There are major differences between how the law treats students and adults but the Minnesota school settlement could be interpreted as evidence that society no longer condones bullying and harassment on the basis of sex or perceived sexual orientation. If that is the case, harassment of this type should not be acceptable in either schools or the workplace.

Authorities began investigating the Anoka-Hennepin School District in 2010 after receiving a complaint that it had failed to adequately address peer-on-peer harassment on the basis of sex and sexual orientation. The Southern Poverty Law Center and the National Center for Lesbian Rights subsequently filed a lawsuit on behalf of six students, who will received $270,000 under the settlement.

The students said they faced a constant torrent of anti-gay slurs due to their actual or perceived sexual orientation. They also said they were choked, shoved, urinated on and even stabbed with a pencil.

The students said an 18-year-old “gag rule” adopted by the district hampered the efforts of teachers to end the harassment and stigmatized gay and lesbian students.The policy required staff to stay neutral on LGBT topics in school.
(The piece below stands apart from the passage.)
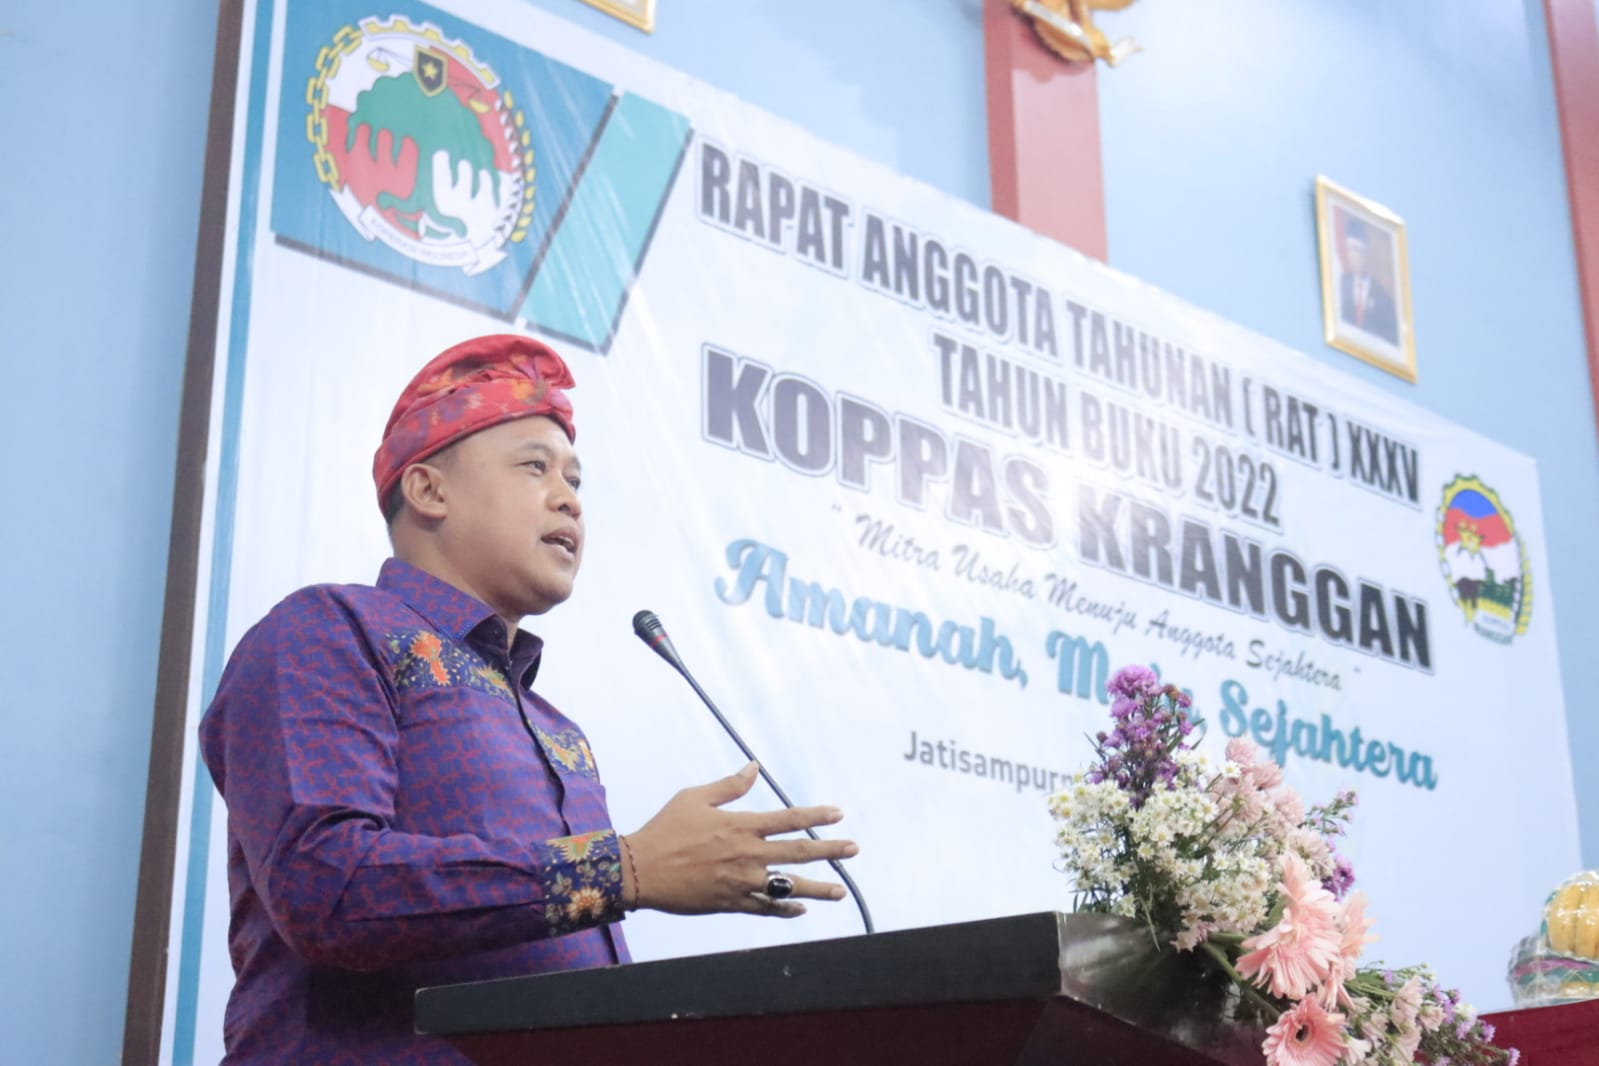 Plt Wali Kota Bekasi Tri Adhianto Saat Sambutan RAT KSP Koppas Kranggan ke XXXV

The policywas replaced in February with a new policy that requires district staff to affirm the dignity and self-worth of all students, including LGBT students.

Among other things, the settlement requires the District to:

  • Retain an Equity Consultant to provide a systemic review and recommend any needed revisions to district policies related to harassment, as well as district procedures relating to the investigation and response to incidents of harassment, parental notification, and tracking of harassment incidents.
  • Hire a Title IX/Equity Coordinator to implement district policies and procedures, monitor complaints, ensure that district administrators and staff adhere to sex and sexual orientation-based discrimination laws, and identify trends and common areas of concern.
  • Work with the Equity Consultant and Title IX Coordinator/Equity Coordinator to develop improved and effective trainings on harassment for all students and employees who interact with students.
  • Ensure that a counselor or other qualified mental health professional to be available during school hours for students in need.
  • Hire a mental health consultant to review and access current practices in the district relating to assisting students who are subject to harassment.
  • Provide additional specificity to further strengthen the District’s annual anti-bullying survey.
  • Expand the district’s harassment-prevention task force formed the summer of 2011 to advise the district regarding how to best foster a positive educational climate for all students.
  • Work with the Equity Consultant to further identify hot spots in district schools where harassment is or becomes problematic, including outdoor locations and on school buses, and work with the Equity Consultant to develop actions that better align with a safe, welcoming school environment.
  • Require District personnel  to investigate, address, and respond appropriately to every harassment incident, whether reported (verbally or in writing) by the harassed student, a witness, a parent, or any other individual; observed by any District employee; or brought to the District’s attention by any other means;
  • Provide contact information, including the physical address, phone number and email address, for the District’s Title IX Coordinator and Equity Coordinator.
  • Develop procedures for parental notifications that are sensitive to a student’s right of privacy regarding his or her real or perceived orientation or gender identity.
  • Provide a link on the school web site to an incident reporting form and allow direct electronic submission of complaints.

Harassment was defined in the federal lawsuit as ” … the use of derogatory language, intimidation, and threats; unwanted physical contact and/or physical violence, or the use of derogatory language and images in graffiti, pictures or drawings, notes, e-mails, electronic postings and/or phone messages related to a person’s membership in a protected class.”

The lawsuits will be dismissed with the district denying fault or wrongdoing.

Federal investigators reviewed more than 7,000 district documents and included interviews with more than 60 individuals, including current and former students, parents, district staff, teachers and administrators.